§ **TASK OBJECTIVE**
Output each record verbatim, with pictures left out.

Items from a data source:
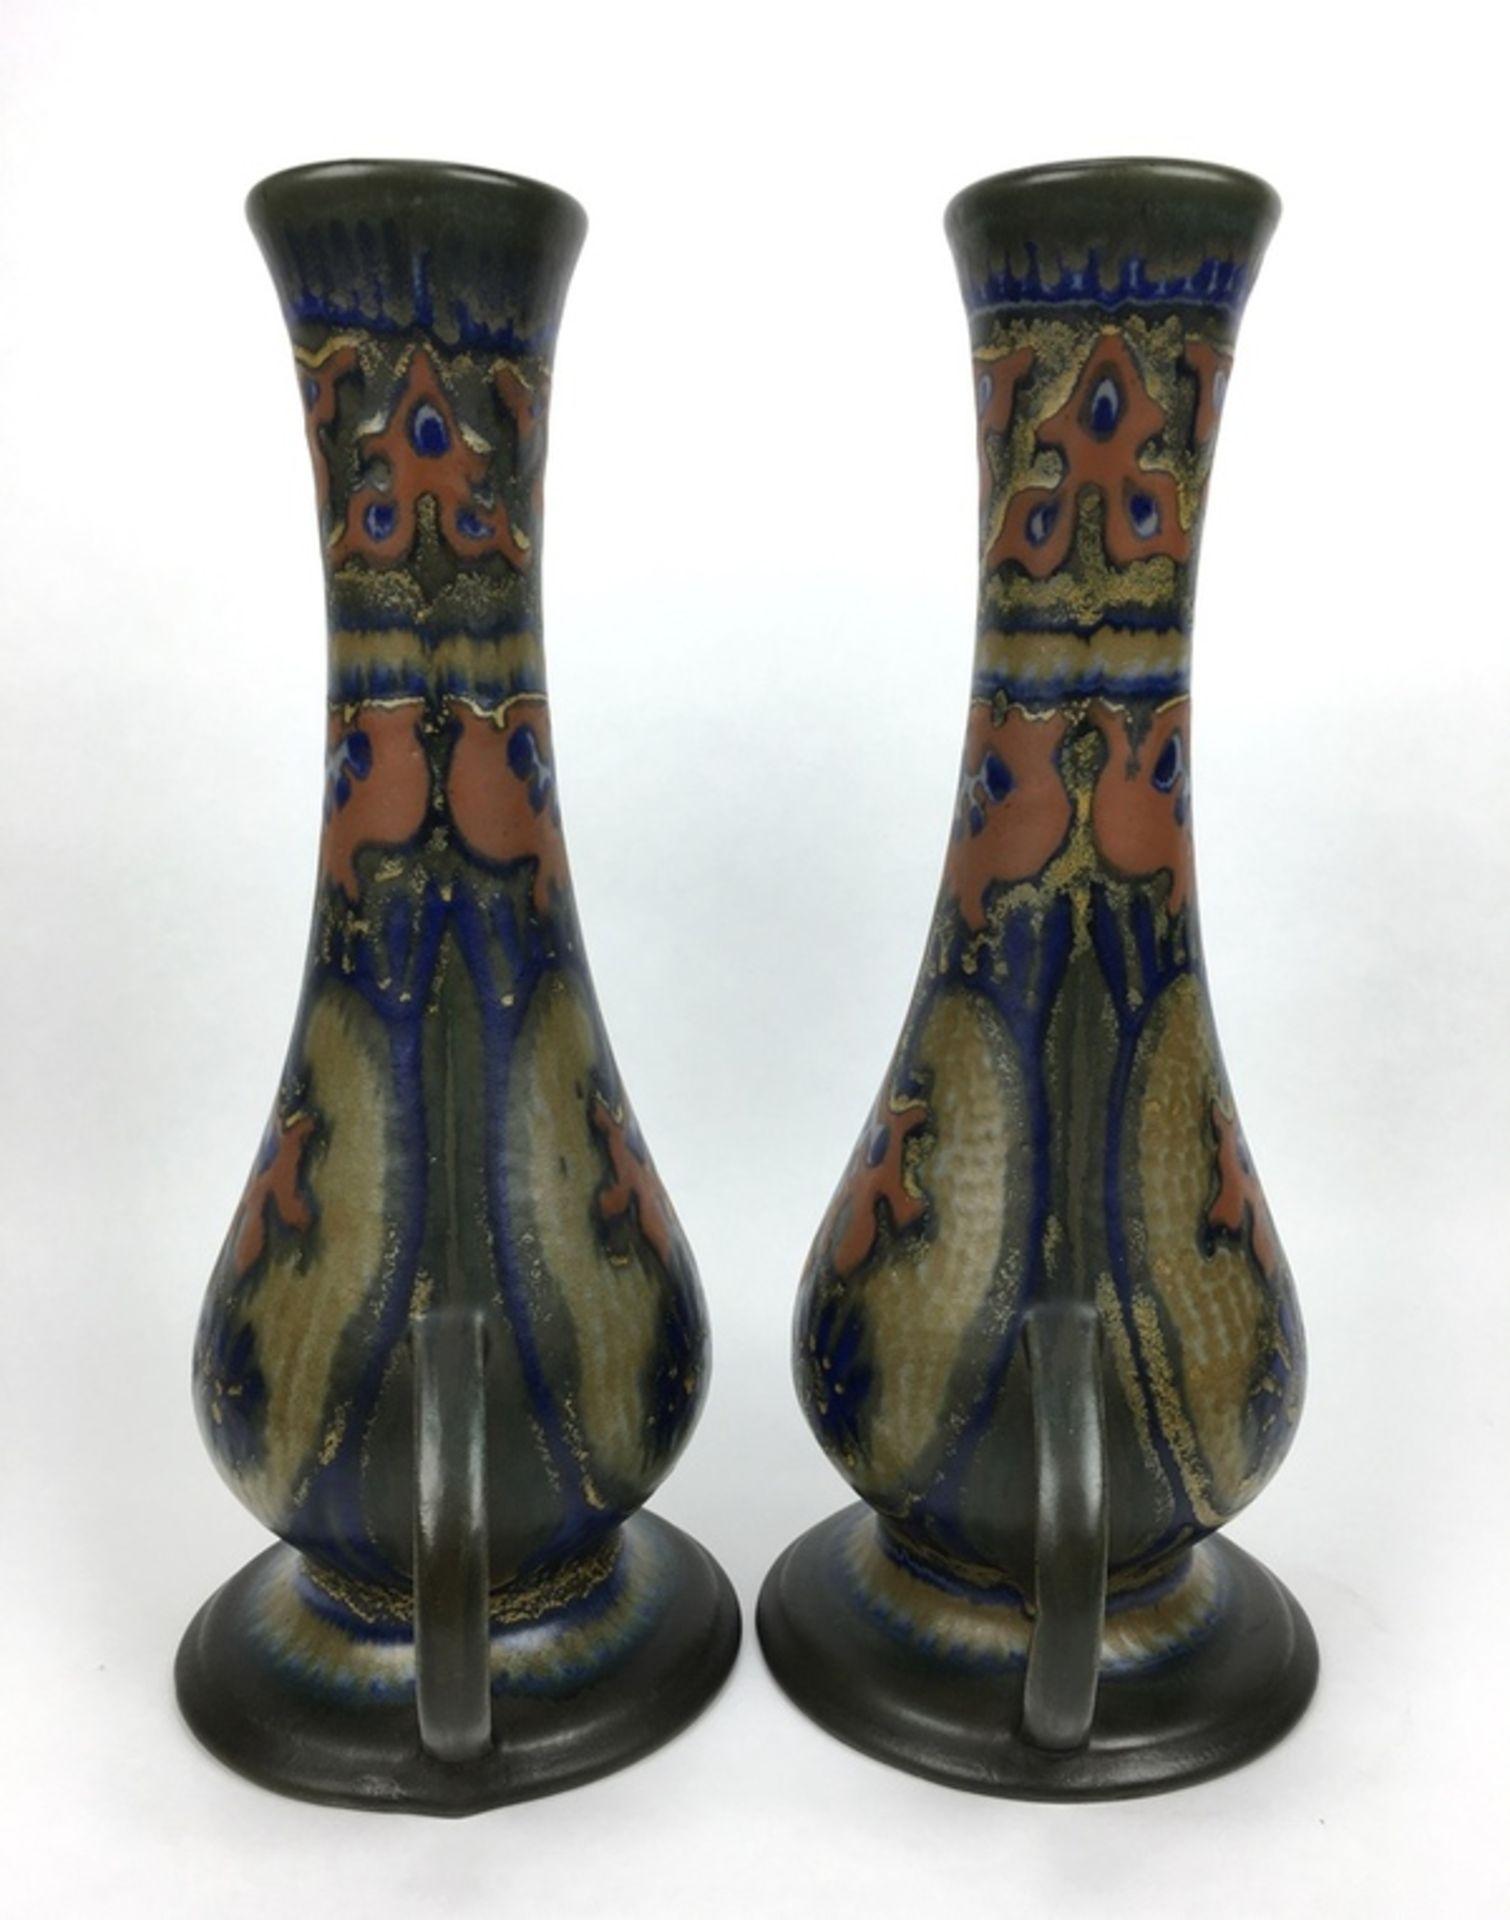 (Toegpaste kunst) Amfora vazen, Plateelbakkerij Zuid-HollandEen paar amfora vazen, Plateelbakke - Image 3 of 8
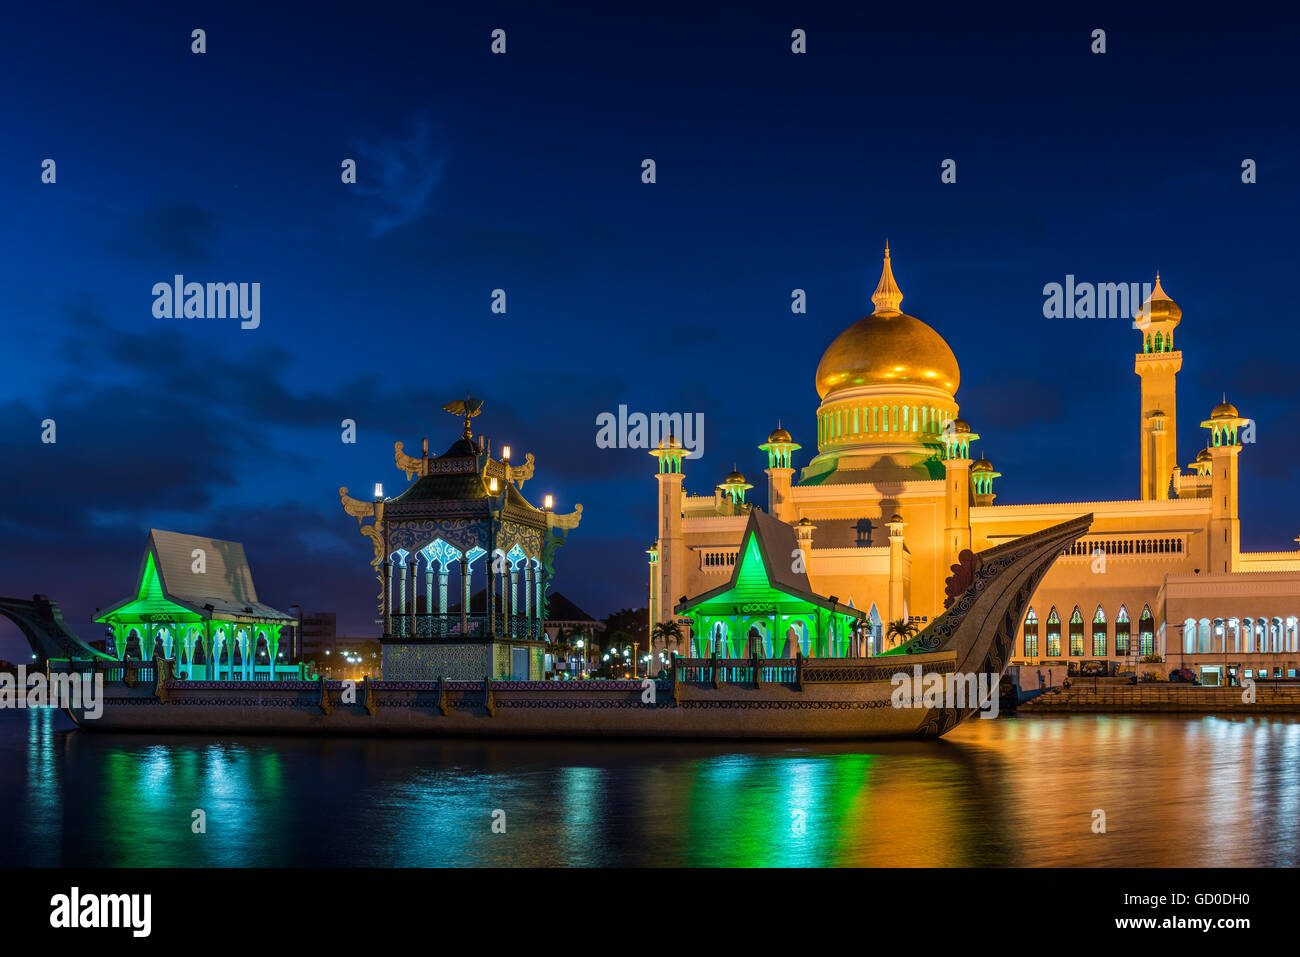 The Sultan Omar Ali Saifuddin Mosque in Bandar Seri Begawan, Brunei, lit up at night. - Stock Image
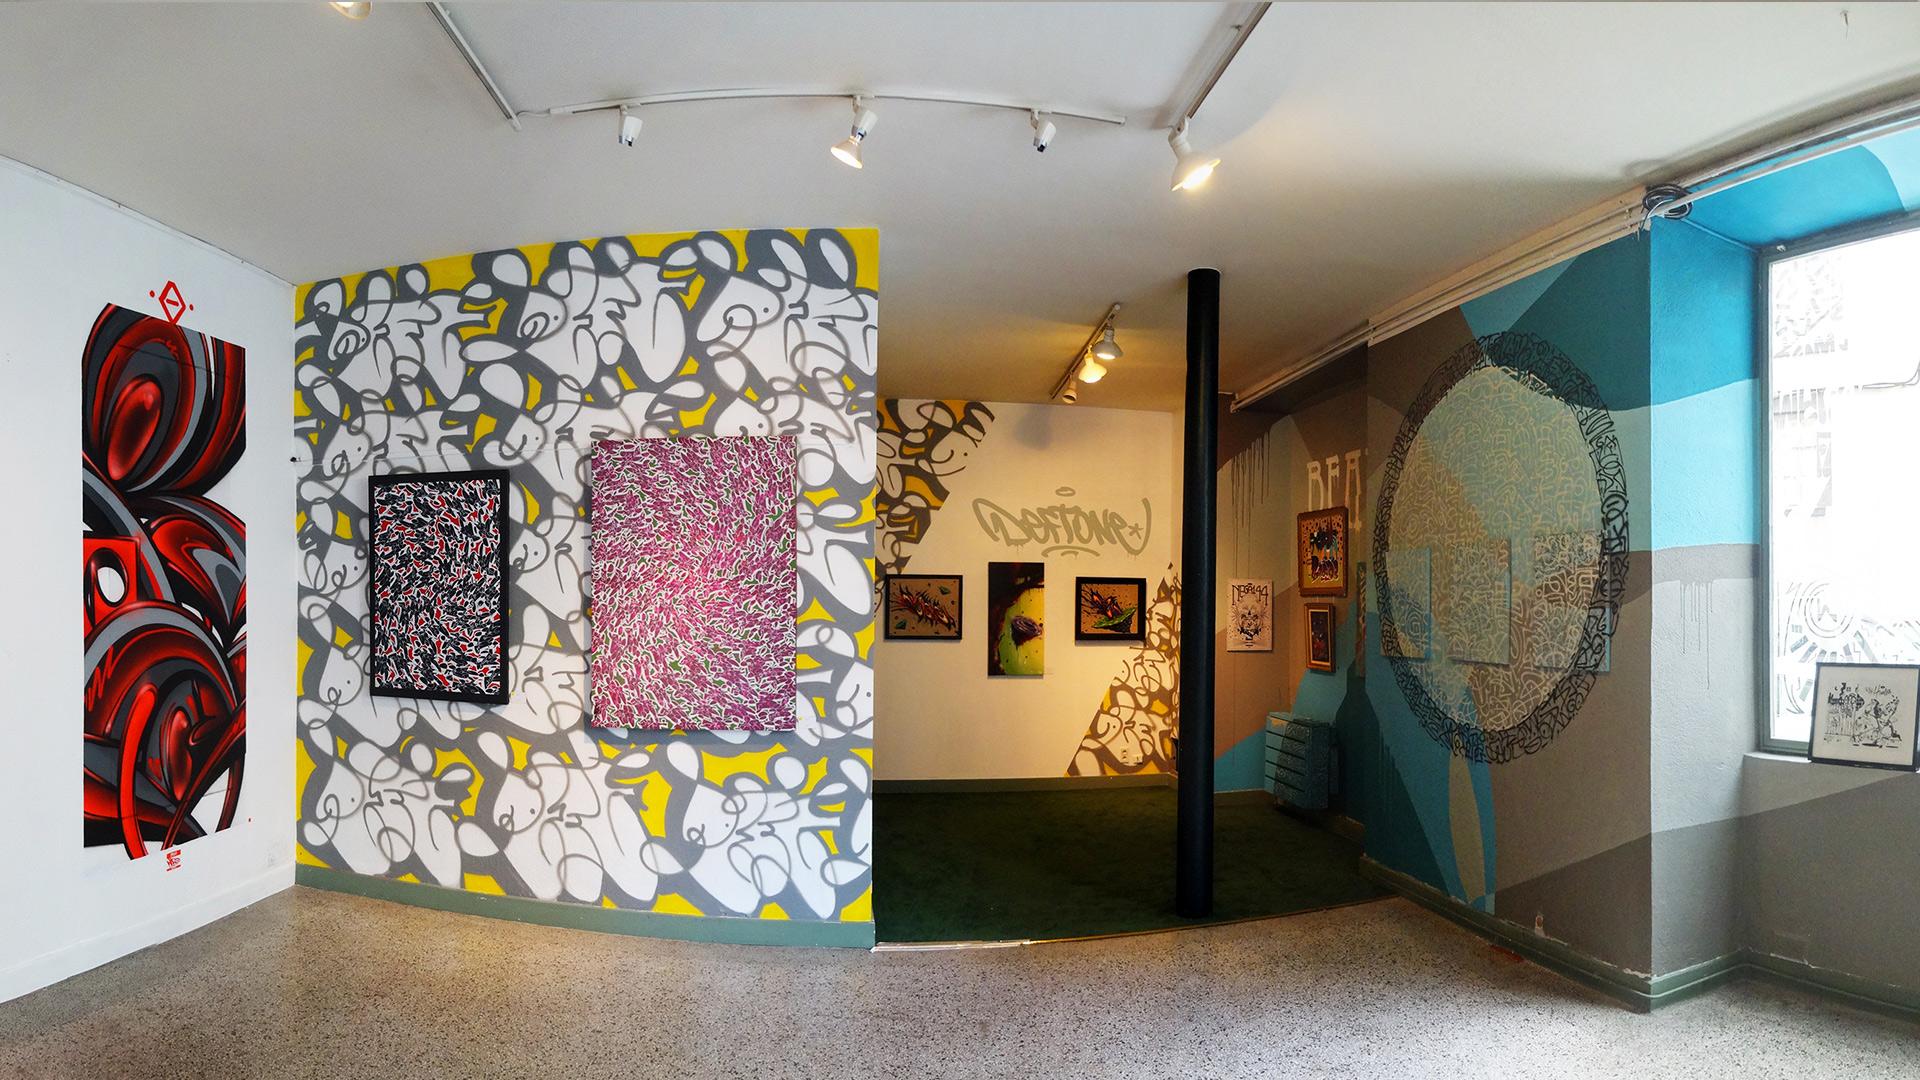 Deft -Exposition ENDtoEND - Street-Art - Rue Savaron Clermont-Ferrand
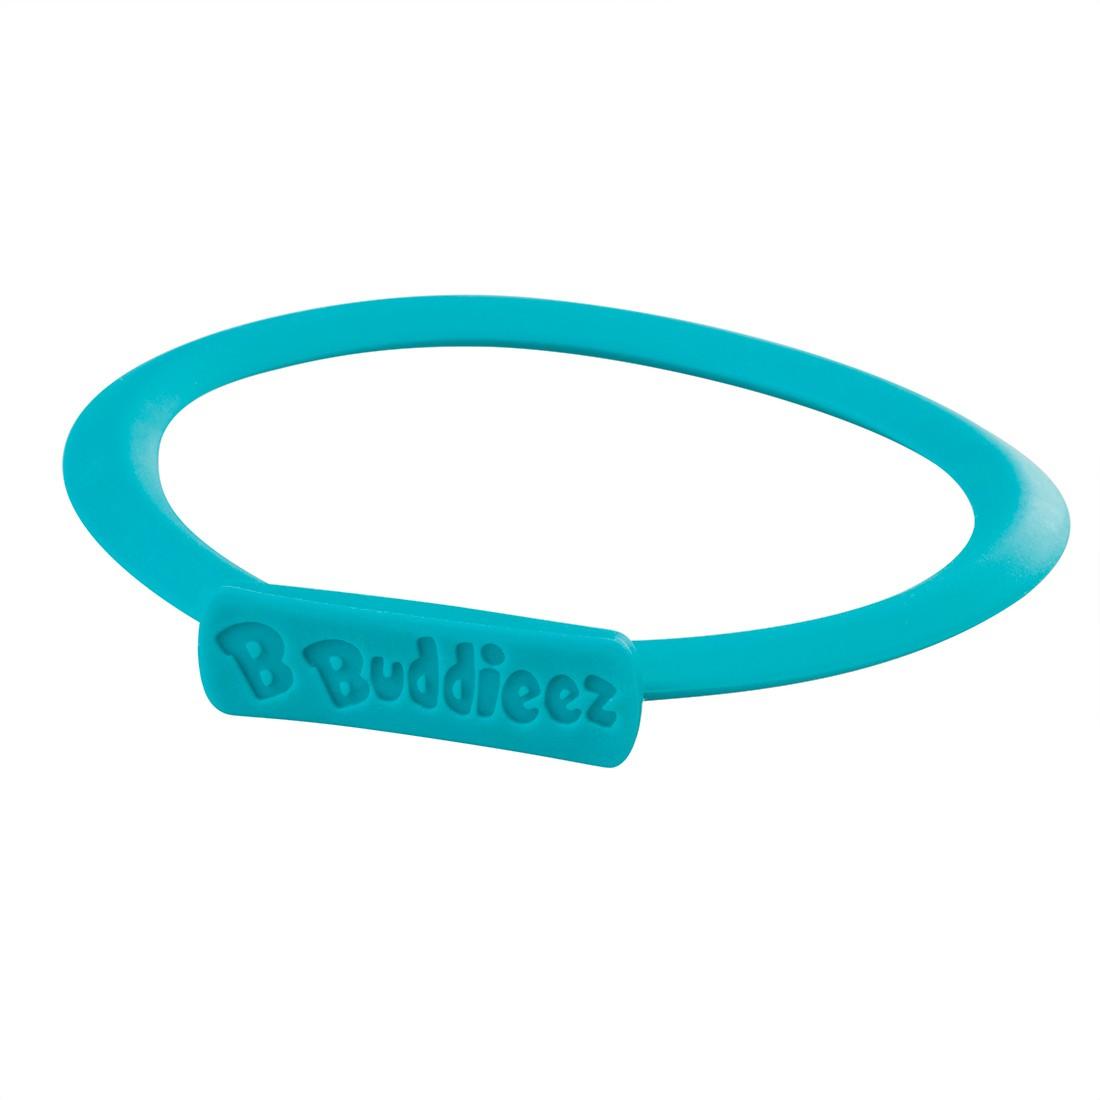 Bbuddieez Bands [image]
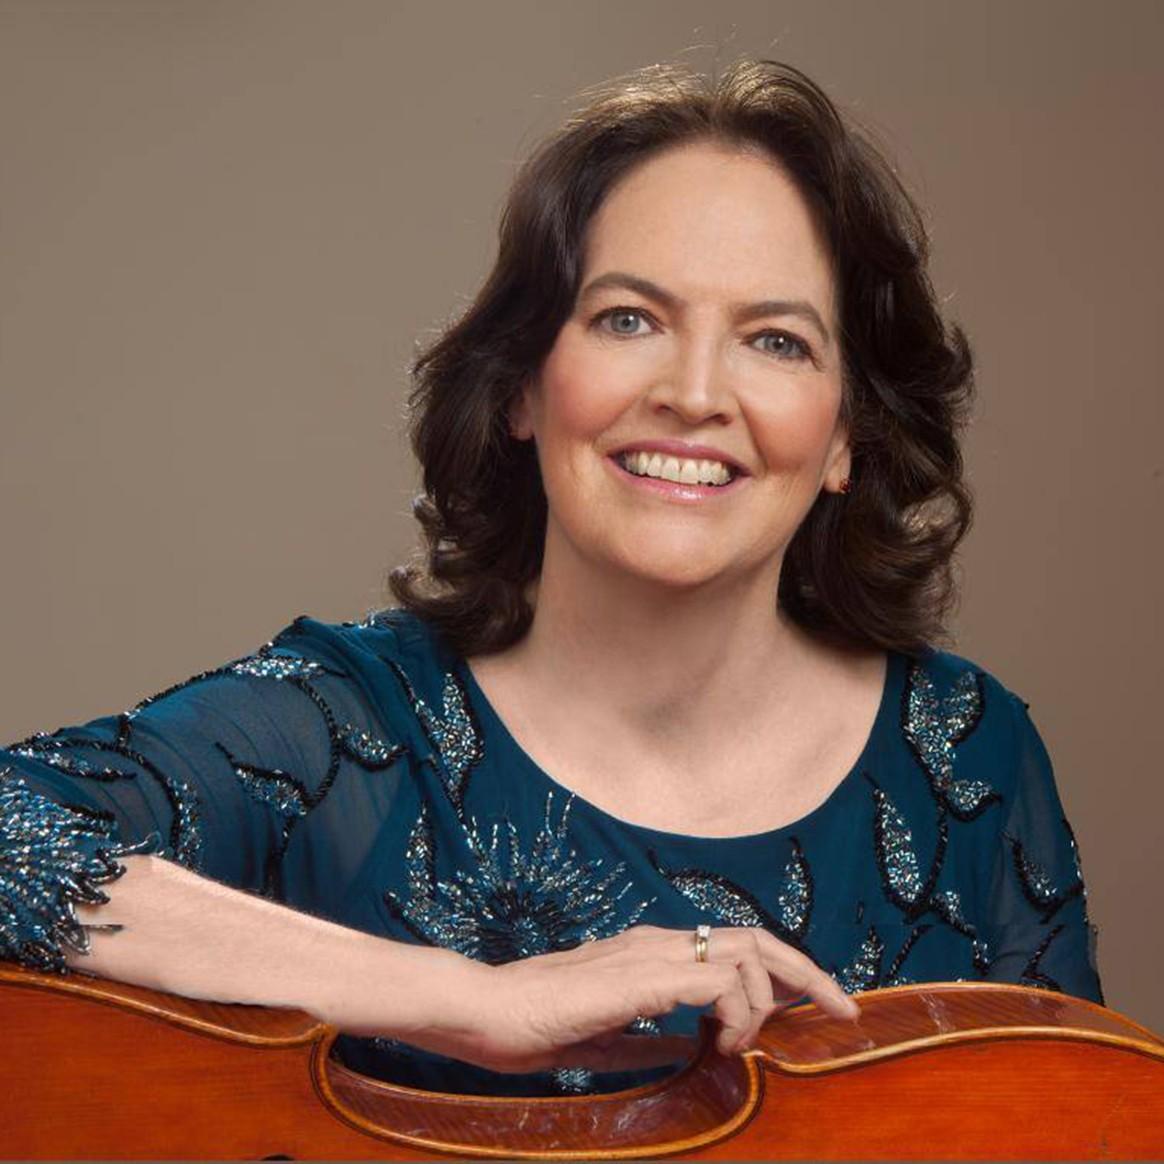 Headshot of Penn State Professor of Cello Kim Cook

§ **OUTPUT BELOW**
 (Toegpaste kunst) Amfora vazen, Plateelbakkerij Zuid-HollandEen paar amfora vazen, Plateelbakke - Image 3 of 8
 The Sultan Omar Ali Saifuddin Mosque in Bandar Seri Begawan, Brunei, lit up at night. - Stock Image
 Deft -Exposition ENDtoEND - Street-Art - Rue Savaron Clermont-Ferrand
 Bbuddieez Bands [image]
 Headshot of Penn State Professor of Cello Kim Cook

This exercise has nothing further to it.